**YOUR TASK**
In the entries below, find the line containing "Chefs Path Cereal" and the line containing "The front view". Copy those two lines and everything between them exactly, and only that.

**TASK MATERIAL**
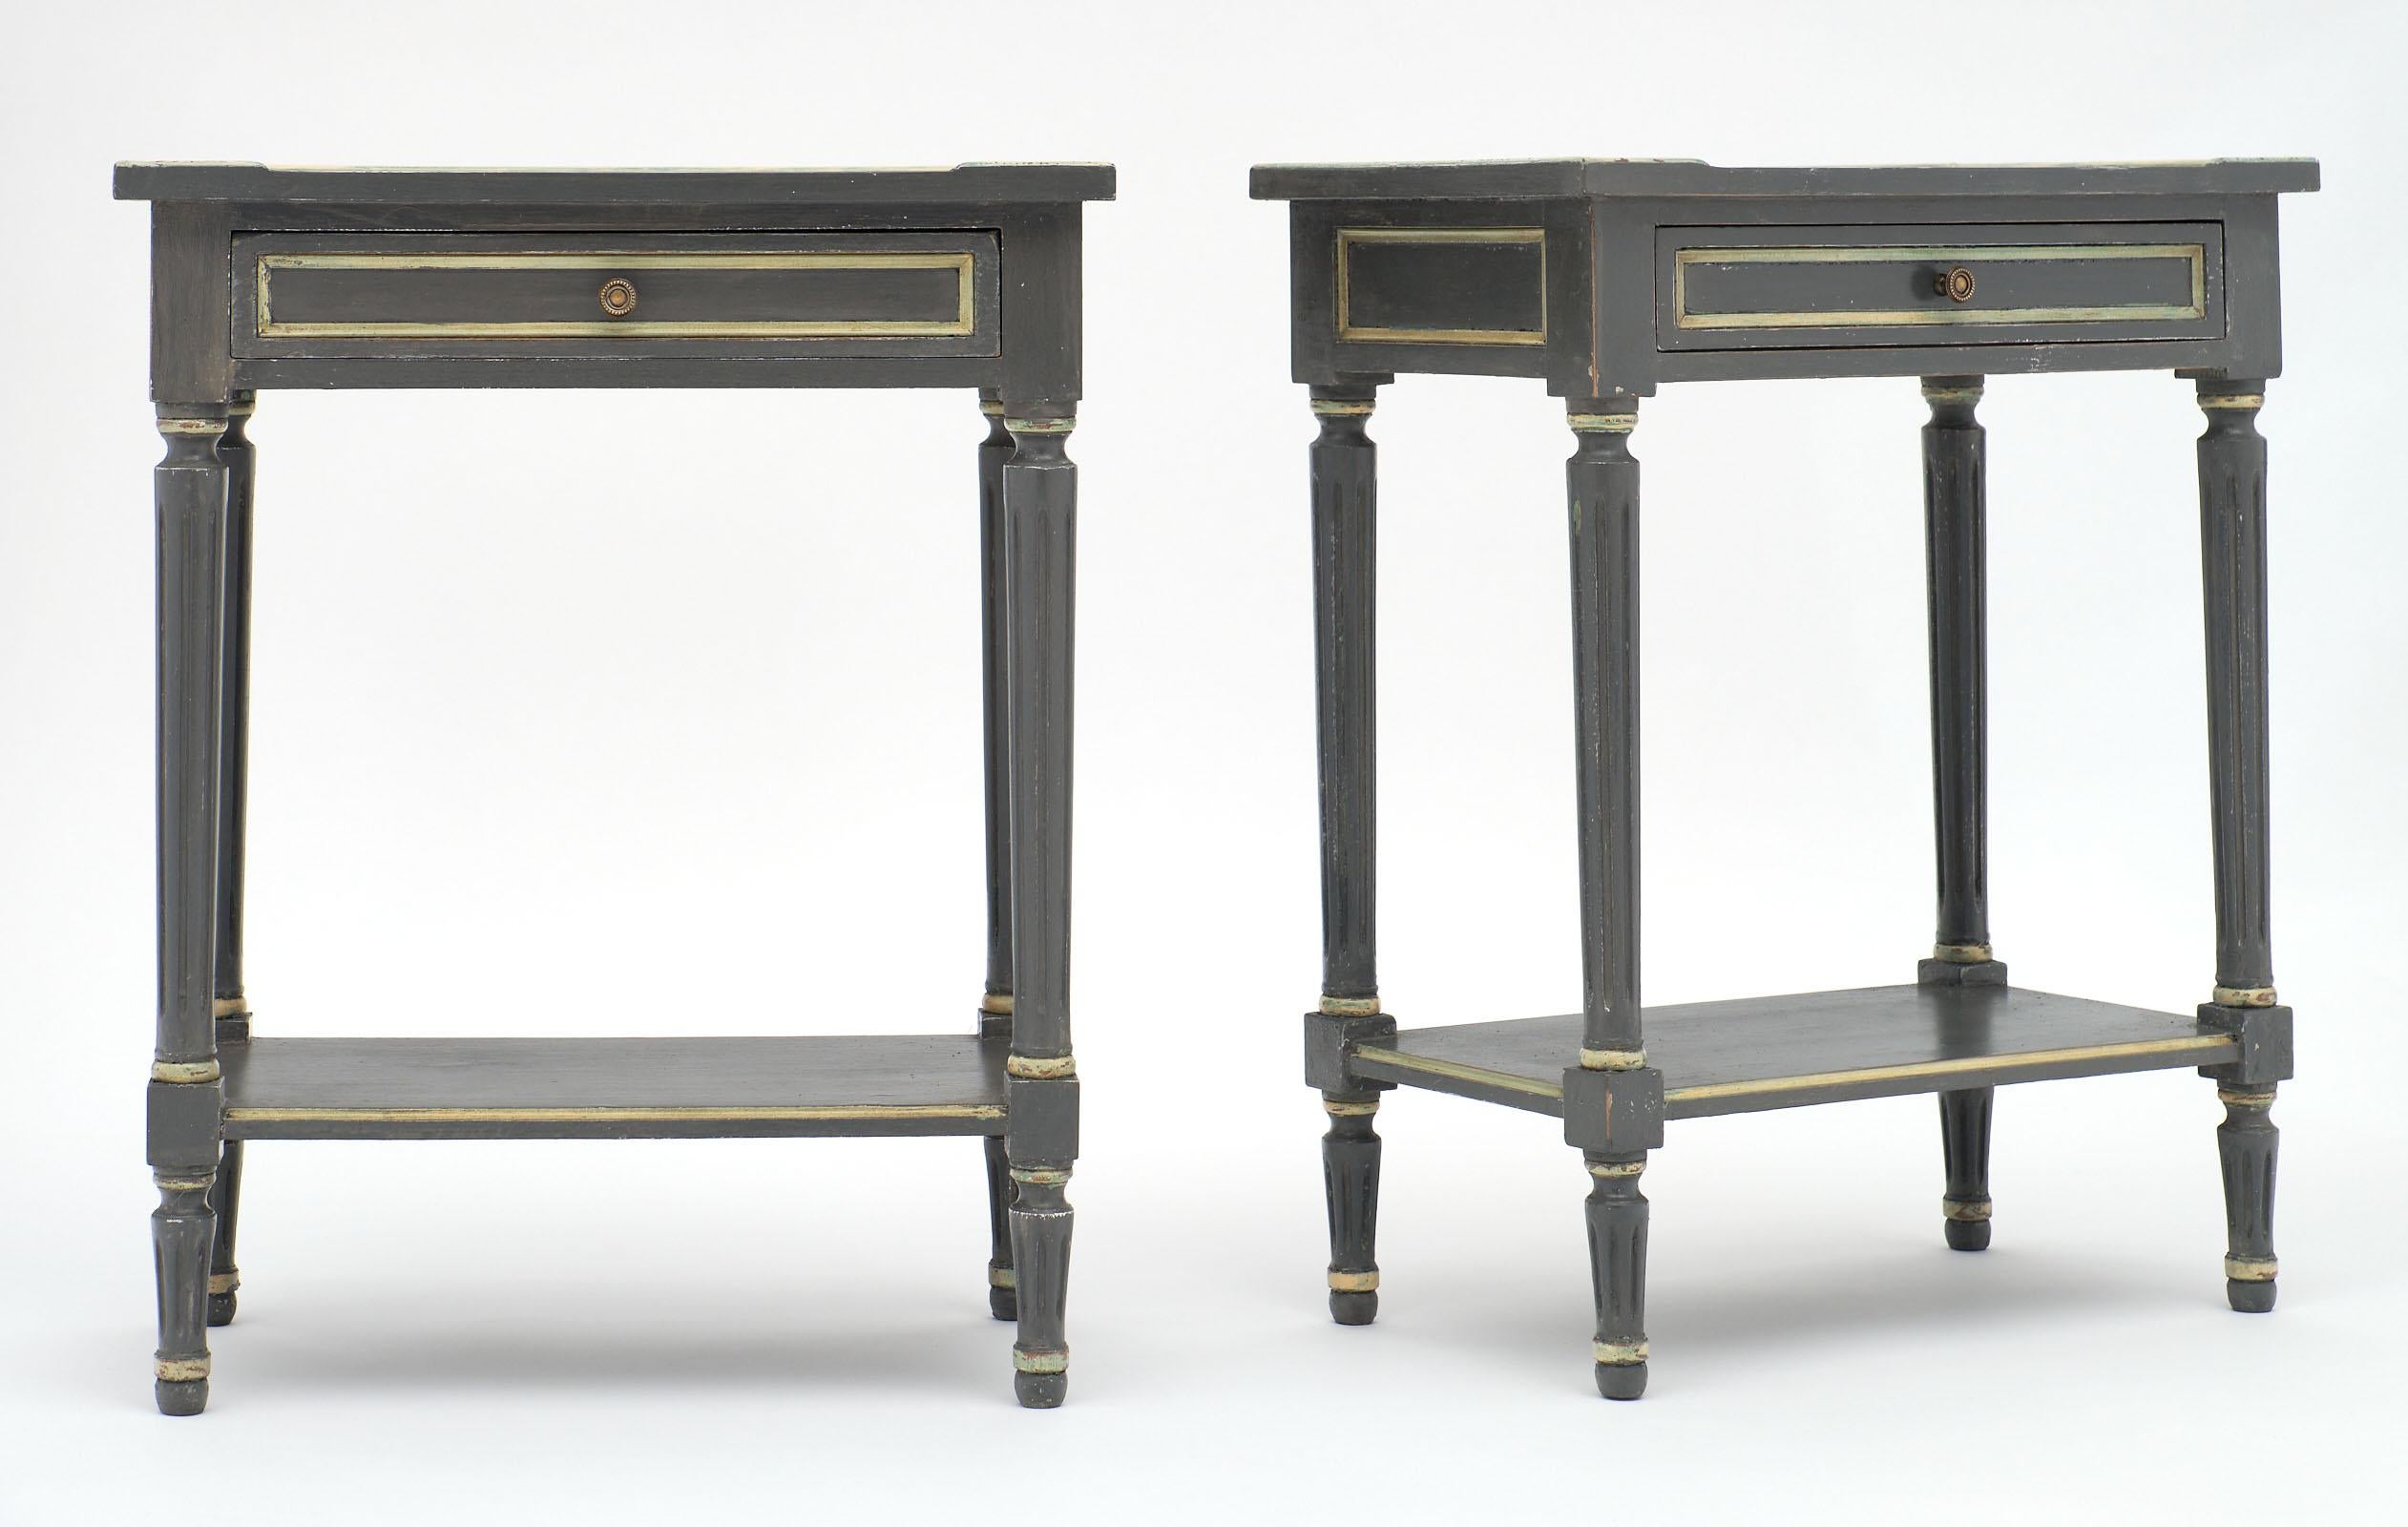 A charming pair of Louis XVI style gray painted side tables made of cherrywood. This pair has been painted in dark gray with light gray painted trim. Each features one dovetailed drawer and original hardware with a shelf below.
* * *
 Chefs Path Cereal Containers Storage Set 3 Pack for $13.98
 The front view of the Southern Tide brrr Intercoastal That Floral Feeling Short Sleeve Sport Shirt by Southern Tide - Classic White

**EXERCISE SOLUTION**
 Chefs Path Cereal Containers Storage Set 3 Pack for $13.98
 The front view of the Southern Tide brrr Intercoastal That Floral Feeling Short Sleeve Sport Shirt by Southern Tide - Classic White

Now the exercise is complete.